Bug 24333

Summary: Error 403 - when URL with a german umlaut is used
Product: Apache httpd-2 Reporter: Harald Schwarz <haschwar>
Component: CoreAssignee: Apache HTTPD Bugs Mailing List <bugs>
Severity: normal Keywords: ErrorMessage, RFC
Priority: P3    
Version: 2.0.48   
Target Milestone: ---   
Hardware: PC   
OS: All   

Description Harald Schwarz 2003-11-02 19:19:22 UTC
When you have a page named with a german umlaut, Apache 2.0.x isn't able to
serve this page. You get an error-message:
403 - access denied.

OS: Windows NT, 2000, probably XP (English and german OS).
    I don't know if this problem is also seen on non-Windows OS.
tested Apache-Versions: 2.0.42 - 2.0.48
How to test: Rename an existing html-file in your Documentroot to "ä.html".
Open a browser on your server-PC (both following versions doesn't work):
Comment 1 Harald Schwarz 2003-11-07 12:08:13 UTC
I searched RFCs for using national characters in URLs like ä,ö,ü and if it's
allowed to encode them in an http url.

I found that there could be a problem in Apache2 regarding RFC specification -
but I did not found anything about national encoded characters "can" or "must
not" be used in http URLs.

RFC2396 [7] 2.1
Summary: Special Characters that are not represented in the octet for the
US-ASCII code require some way of identifying the charset used.

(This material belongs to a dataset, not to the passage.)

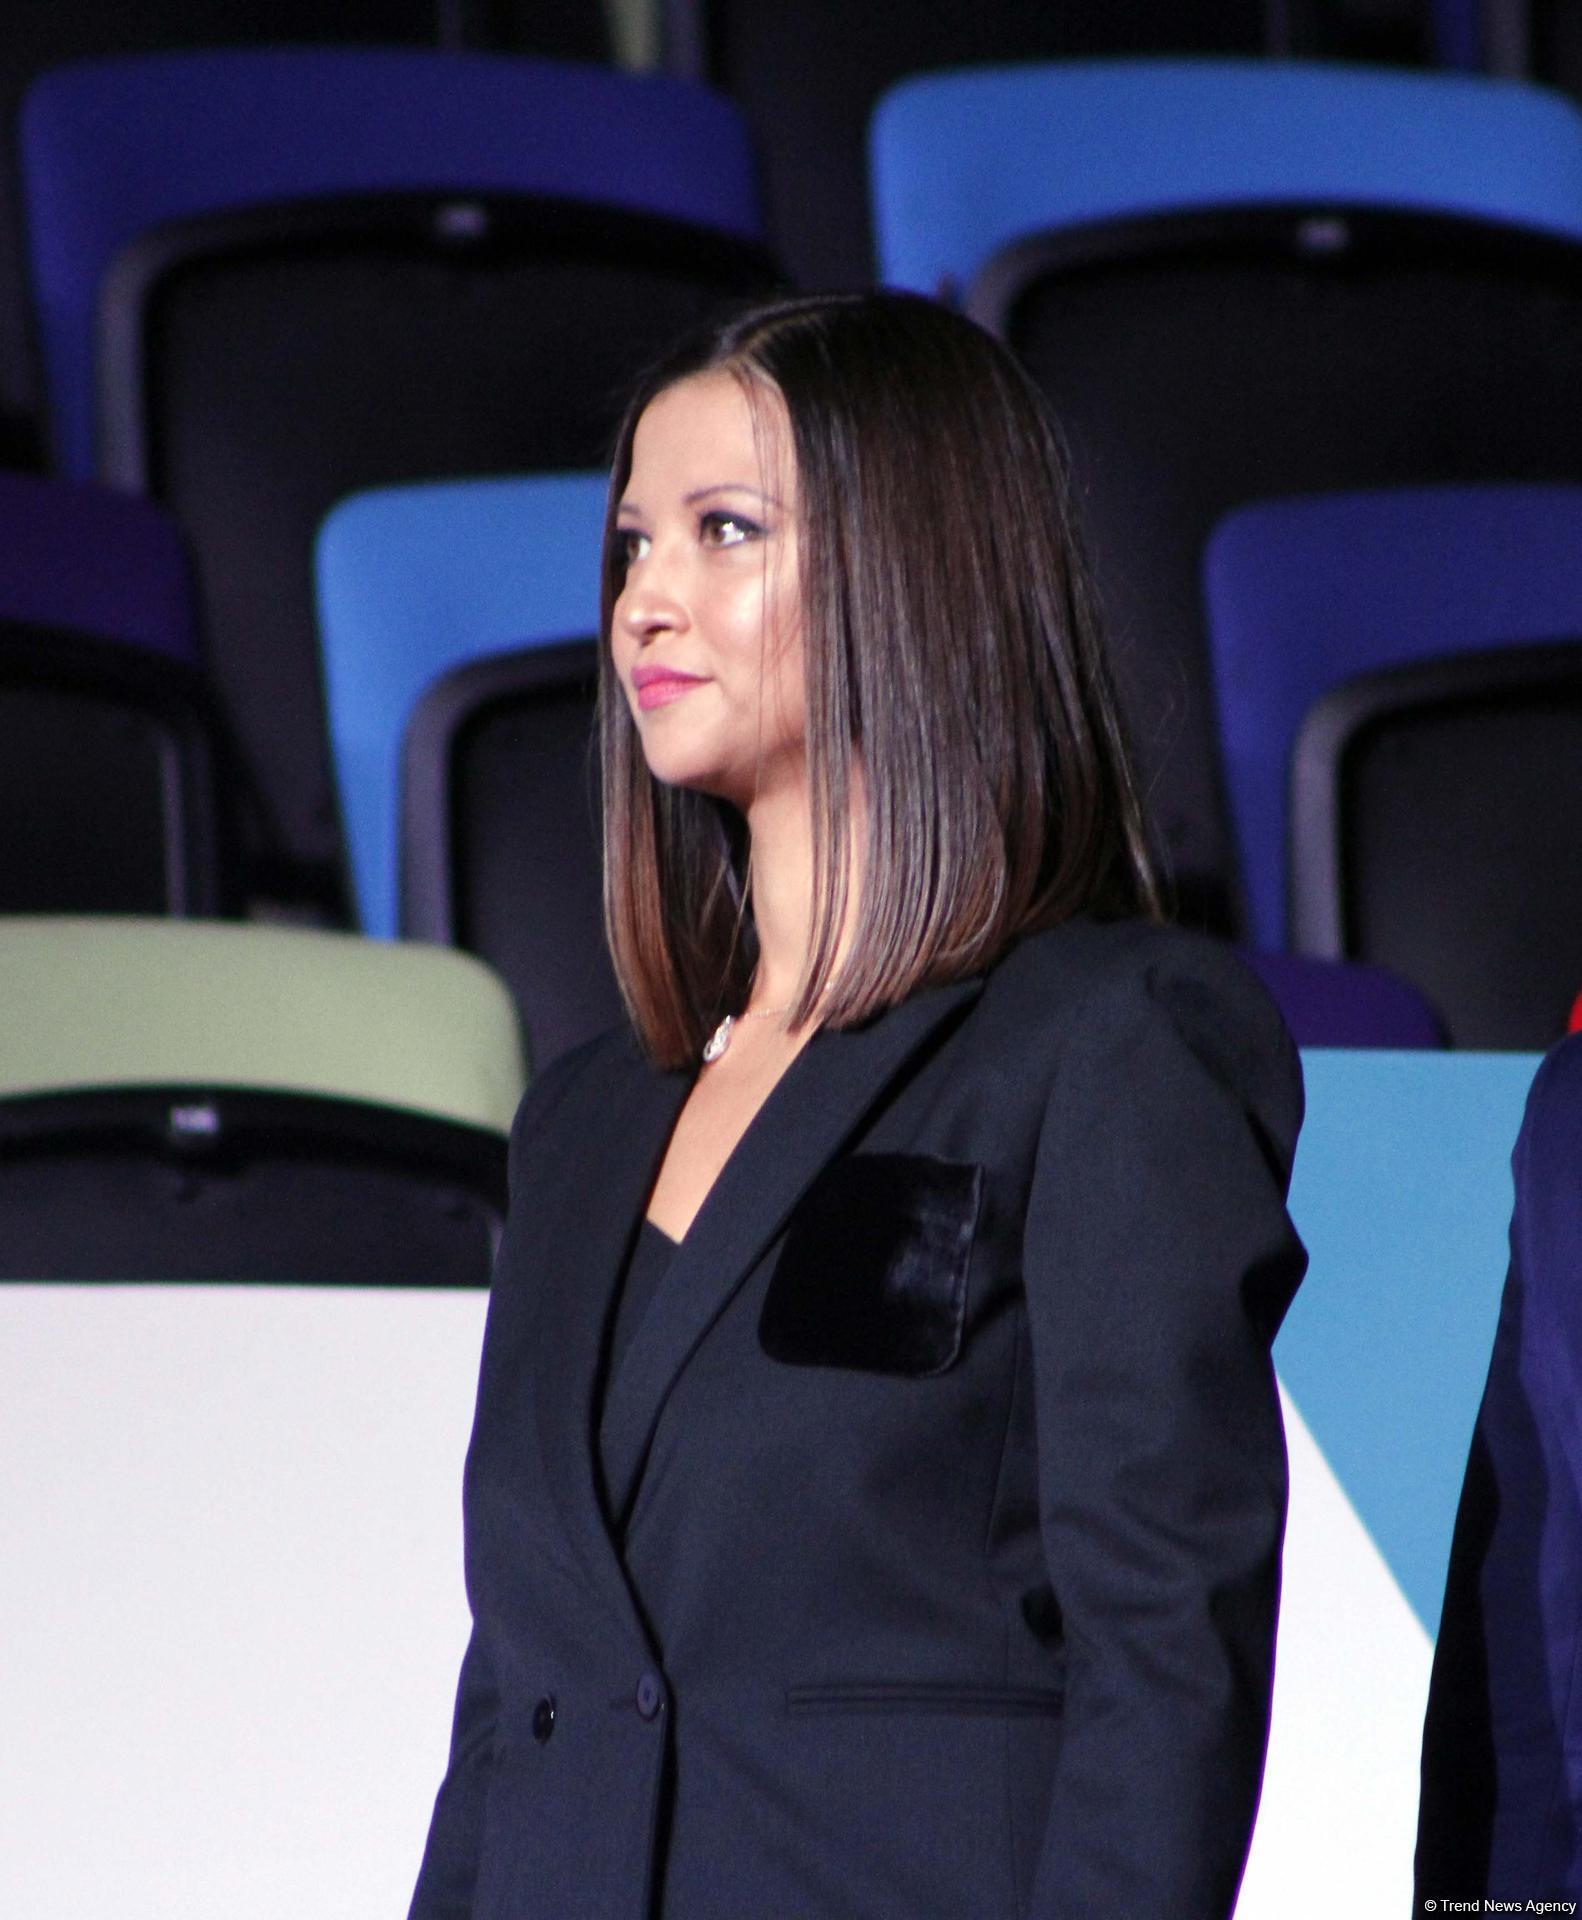 В Баку прошла церемония награждения призеров индивидуальных финалов Кубка мира по художественной гимнастике (ФОТО)
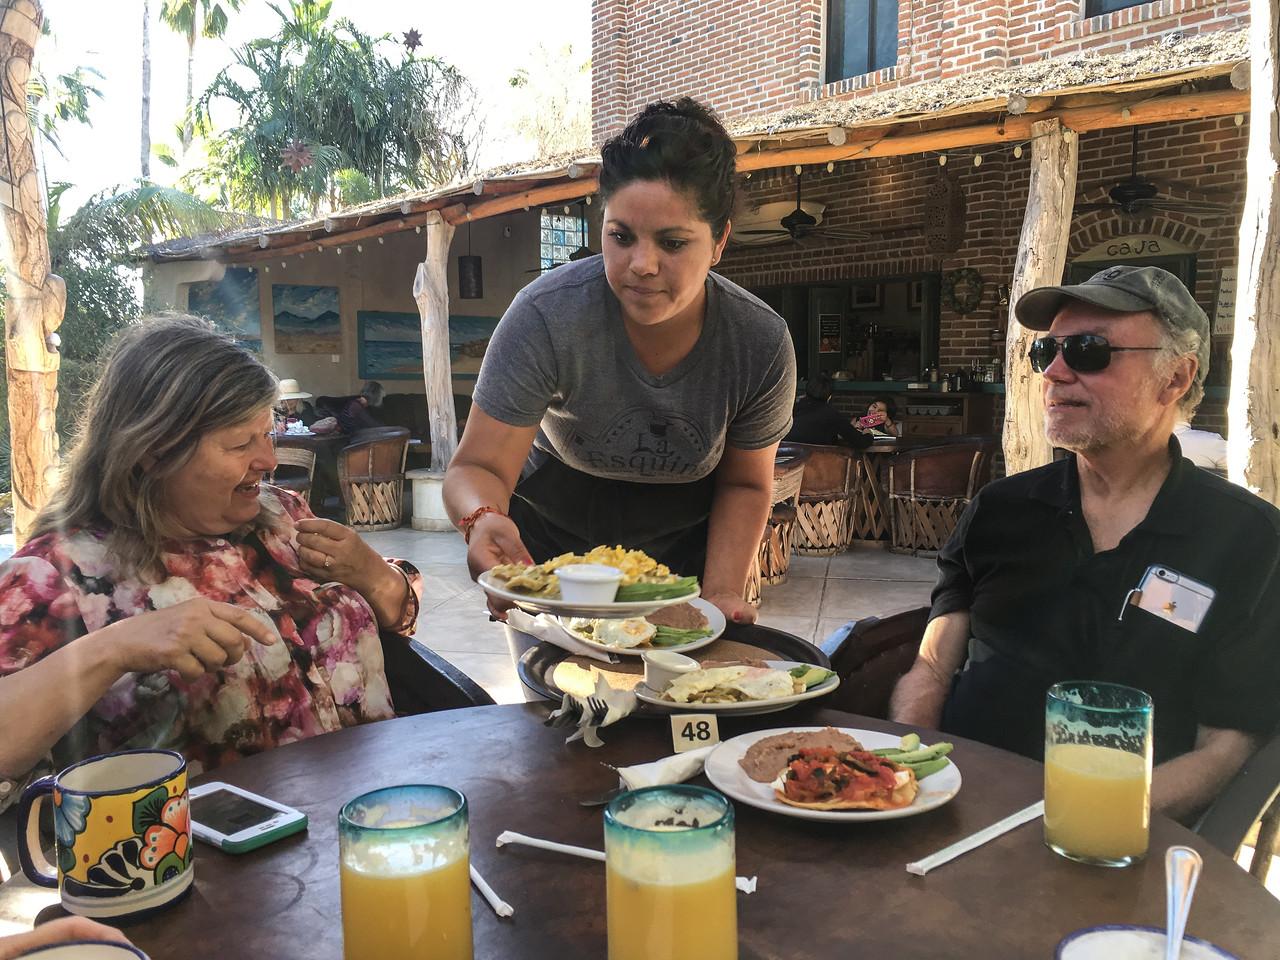 Breakfast at La Esquina

Part of the referenced RFC2277 [2] 3.1:
"All protocols MUST identify, for all character data, which charset is
in use."

Even if there is no problem regarding RFC specification, the error message is
%E4.html - access denied -> wrong message
%E4.html - not found     -> could be the correct message if
                            national characters are not allowed.
"access denied" also occurs if ä.html does not exist.
Compared with Apache1: Apache1 is able to send %E4.html back to the browser.
Comment 2 André Malo 2003-11-07 12:21:33 UTC
It's a problem on windows. If you use non-ascii characters in URLs, you have to
encode the as UTF-8 and then apply url-encoding. %E4 will be mapped to 'ä' and
not match the requirements of an unicode filesystem.
BTW: It's recommend to use url encoded UTF-8 all the time in URLs, since there
is no way to declare the charset in URLs, 

The 403 comes from the translator uri -> filename (since no valid filename, is
it not found or is it forbidden? ;-). In newer versions of apache it should
write an entry into the errorlog according to this failure.
Comment 3 Harald Schwarz 2003-11-10 09:18:16 UTC
You told me:
%E4 will be mapped to 'ä' and not match the requirements of an unicode filesystem.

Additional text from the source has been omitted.